Nu Resolution 6-5

By Joe Walker

Should the Girl Scouts be arrested for drug trafficking?

I’ve never used drugs, but I’m familiar with the effect it has on people. I find myself behaving rather crack-ish after eating a couple Girl Scout cookies, then trying to save the rest for later. Those colorful boxes call out to me, “Come get another, come get some more …”

On my way into work a few days ago, I passed several Girl Scouts set up on street corners slanging cookies. They weren’t wearing traditional drug-related colored rags or flashing affiliation tattoos, but they were all dressed the same, serving hordes of crack-ish clientele, clocking fists full of dollars and flashing merit badges. And they’re aggressive, blunt and mean serious business. If they’re not gangsta, then I don’t know who is!

When I arrived at my employer, I was greeted upon entering by one of my associates. His eyes were glossed over and he was smiling like he knew who stole my Cobra Commander action figure. He said, “Guess what time it is?” I replied, “I don’t know. What time is it?” He then shouted, “Girl Scout cookie time!” I instantly feared for the safety of my wallet.  I looked around and noticed everyone – employees and customers – eating cookies. I felt myself begin to salivate. I got the chills and began to shake. I had to have some cookies.

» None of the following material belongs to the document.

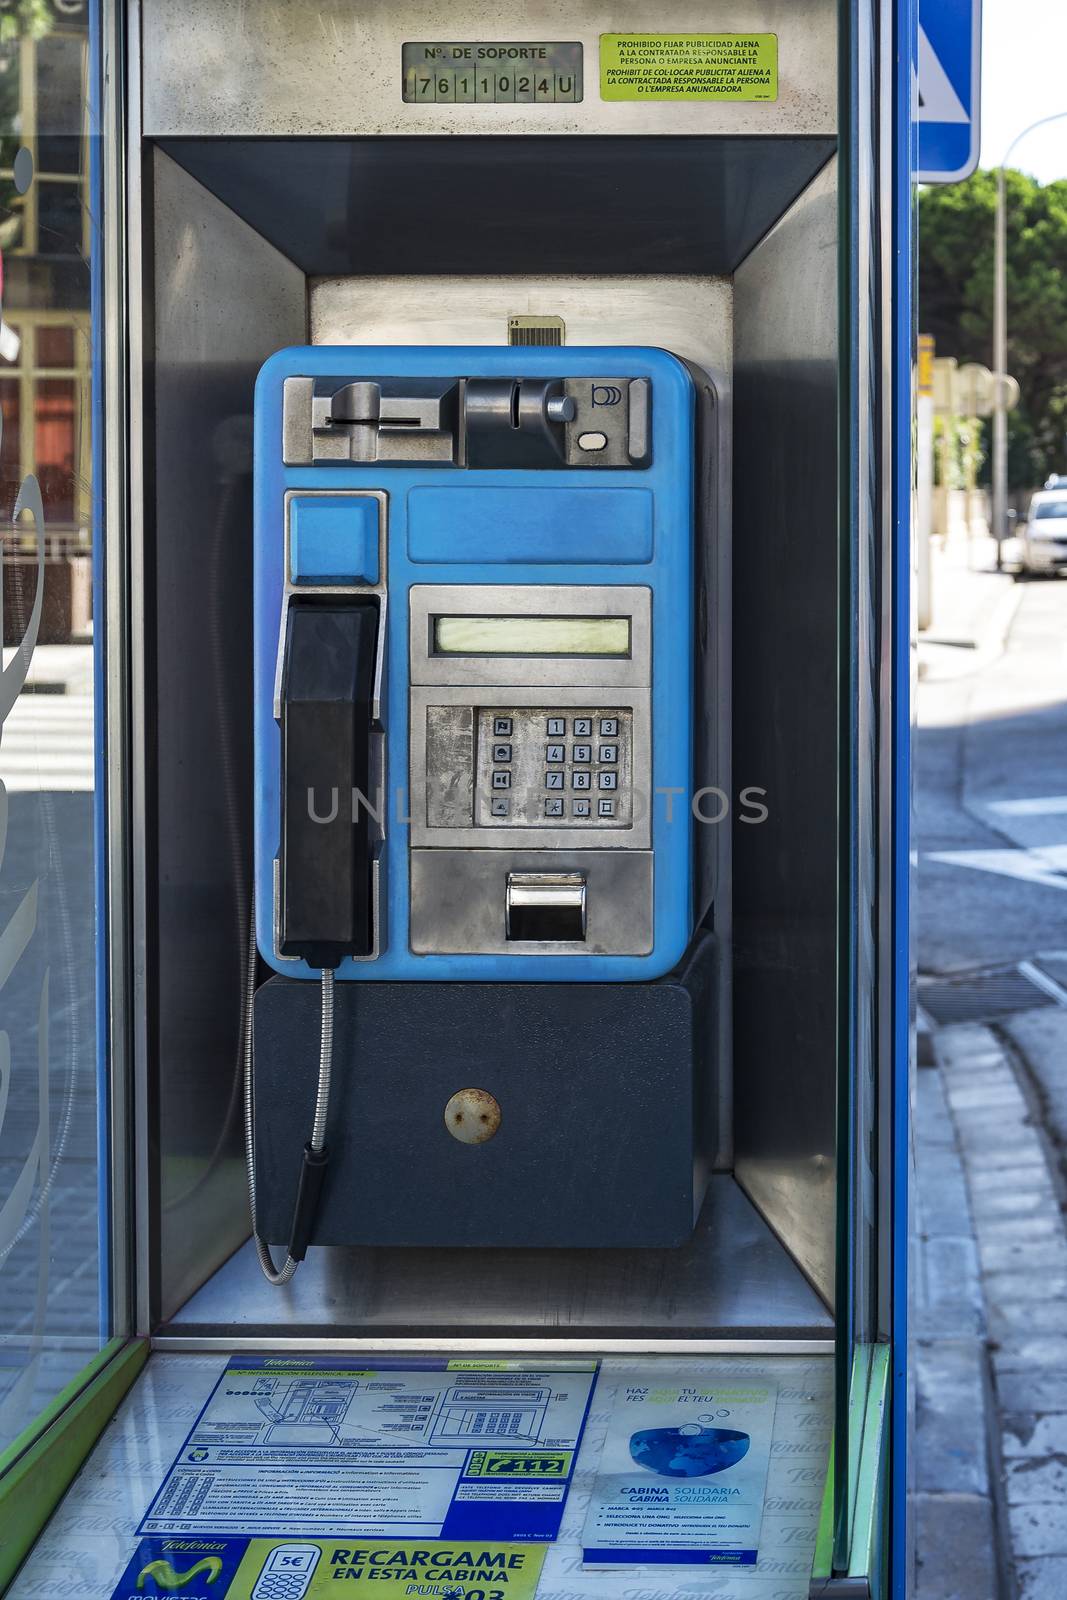 Payphone for city and long-distance calls (Blanes, Spain) by Grommik
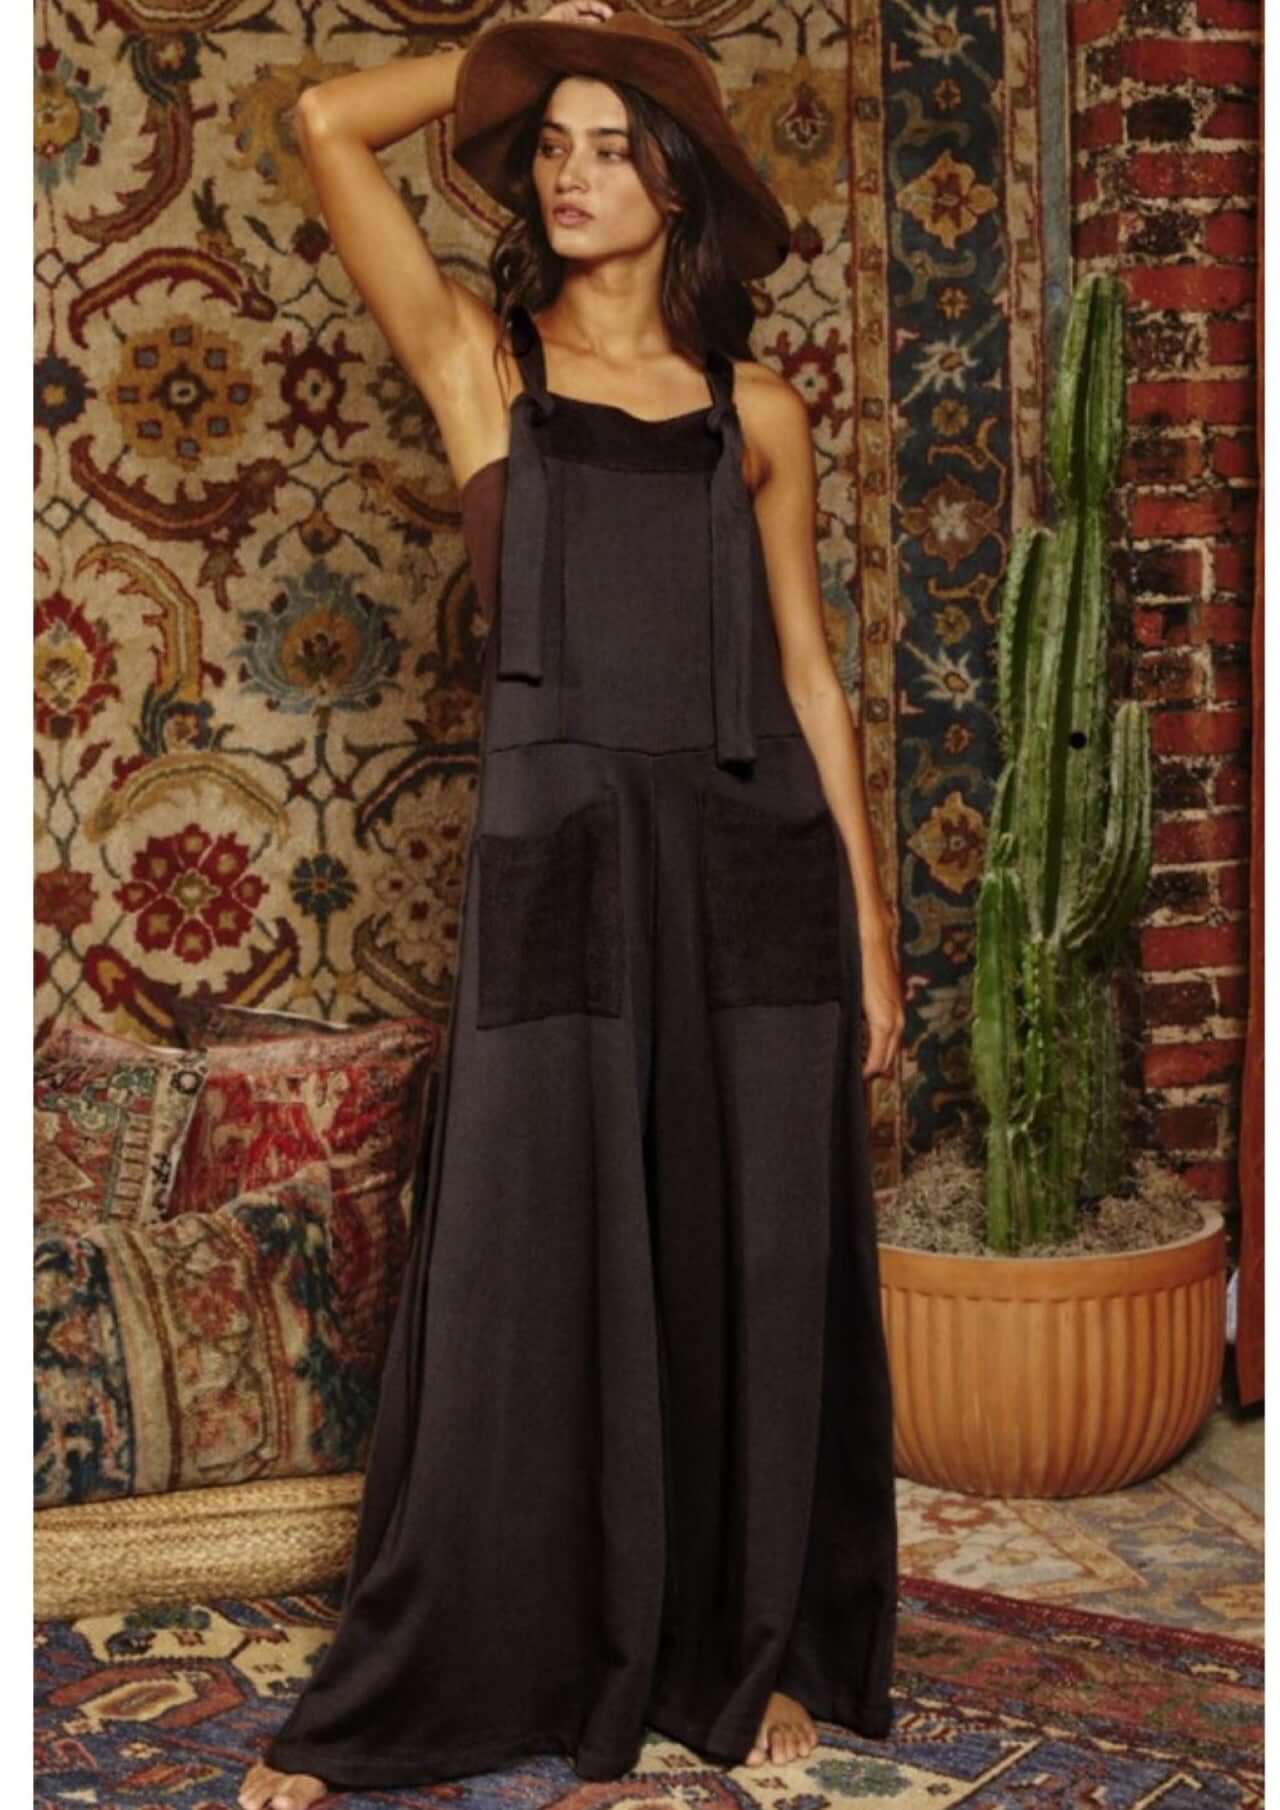 Bucket List Style# R5067 Ladies French Terry Black Overall Casual Fall Season Jumpsuit with Adjustable Straps  | Made in USA | Women's Made in America Boutique

“Where are they getting those from,” I asked. “Next door,” he replied. Just then another employee approached us carrying an open box of Samoas. Once she saw the look in our eyes she instantly clutched the box to her chest as if protecting her baby from wolves. “No; get your own,” she growled like a raging fiend, firing coconut and caramel shrapnel from her mouth. I could wait no longer. I ran right next and bought my cookie supply. If someone told me Girl Scout cookies had a “special ingredient”, I wouldn’t be at all surprised.

New Resolution #6: GIMMIE A BOX OF COOKIES … NOW!